Earlier this year, nearly two months to the day before the declaration of a national emergency due to COVID-19, women in the U.S. held more jobs than men for the first time since 2010. The milestone lead a Moody’s economist to declare in Forbes that “Women are now the majority of the workforce, and there’s no looking back.” Sadly, nine months and an unprecedented global pandemic later, not only has that momentum been lost, but unemployment rates for women have outpaced that of men throughout the crisis. Though the reasons for this disparity are varied, they are nevertheless unacceptable, both for the millions of women whose careers face an uncertain future, and for the global economy, which could lose $1 trillion in the next 10 years if this gender disparity is not addressed.
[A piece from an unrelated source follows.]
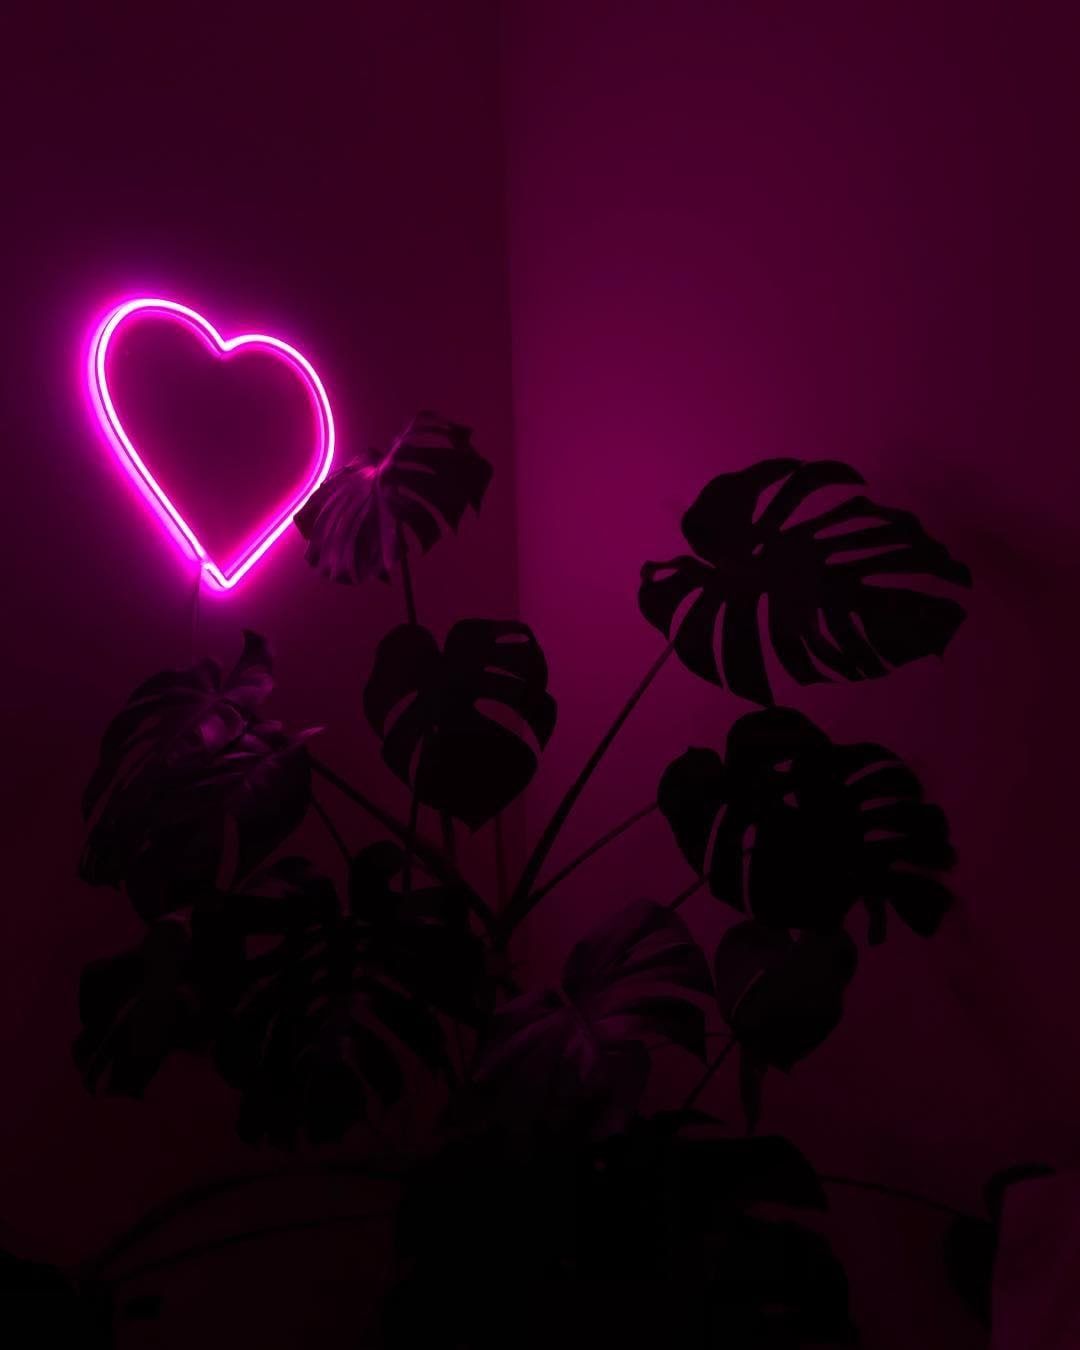 A neon pink heart on a purple wall with a plant in the foreground - Neon

The reasons the pandemic has impacted female workers more than men is multi-faceted. In the early stages of the pandemic, women accounted for more than half of all job losses, largely because they disproportionately work in essential front-line sectors like hospitality, healthcare, education, childcare and retail, all of which were hit hard by lockdowns across the country.
Conversely, even women who have been fortunate enough to be able to continue working from home have faced their own career obstacles during the pandemic. According to the U.S. Census Bureau, working mothers make up 32 percent of all employed women, and roughly 23.5 million working women have children under the age of 18. Furthermore, the CDC reports that two out of every three caregivers are women who “provide daily or regular support to children, adults or people with chronic illnesses or disabilities.” The fact that many working women have had to swap their office for the dining room table has made maintaining separation between the professional and personal difficult, if not impossible.
While our own customers have told us that their employees have been highly productive working from home, working mothers don’t seem to share that sentiment. A recent survey found that 3 in 5 working moms said they are less productive working from home during COVID-19, and 2 in 5 said they do more work and are working longer hours to make up for disruptions related to childcare.
While we’ve all had to adapt to this new normal, the massive impact on the work/life balance of working mothers has been particularly troubling. Given the uncertainty and hybrid models of schools reopening this fall, many women have had to leave the workforce altogether because of childcare, whether they work from home or not. Reports have already emerged detailing how women with careers in retail are having to choose between keeping their jobs and ensuring their children stay on track with remote learning. An additional study from the Census and Federal Reserve found that out of work women aged 25-44 are three-times as likely than men to not be working during the pandemic due to childcare demands. Perhaps most worrisome of all, a new report from Lean In and McKinsey & Company found that 1 in 4 women are considering downshifting their careers or leaving the workforce altogether due to COVID-19.
Yet the fact that women leave the workforce to care for their families at much higher rates than men isn’t only due to women traditionally assuming the role of caregiver. The decision of who gives up their job to stay home with the kids for remote schooling is often a purely economic one, driven by the fact that working dads typically out-earn working moms. The gender pay-gap was a major issue for working women before the pandemic, with women earning 81 cents per for every dollar a man makes, and the same study found that women typically earn 7 percent less than men after a prolonged absence from the workforce because of missed opportunities for raises, promotions and bonuses while they are out of the workforce.
Some have suggested that in the COVID-19 economy, parents must choose between their children and their career. As a lifelong advocate for helping women advance in the workforce, I feel we must find a third path. Much of the burden will fall on employers, who must be convinced that a so-called “she-cession,” or mass exodus of women from their workforce, is detrimental to their business, their employer brand and the economy as a whole. The most important key is flexibility. Employers should look to offer flexible and alternative work arrangements for working mothers – and fathers – who may be struggling to juggle the demands of work and childcare. And as lockdown restrictions loosen here in the U.S., employers may even consider offering financial assistance to help working mothers supplement daycare and childcare expenses so they can remain in the workforce.
Make no mistake, navigating this tightrope will not be easy. Some companies that have attempted to help parents and working mothers navigate these difficult times have faced backlash from employees who don’t have children, arguing that parents are receiving special benefits and perks not afforded to all employees. Ultimately, organizations must strike a balance that allows working mothers to continue to not just participate, but thrive, in the workplace. The economic recovery from COVID-19 will be a critical journey for businesses, and it is imperative that women not be left behind.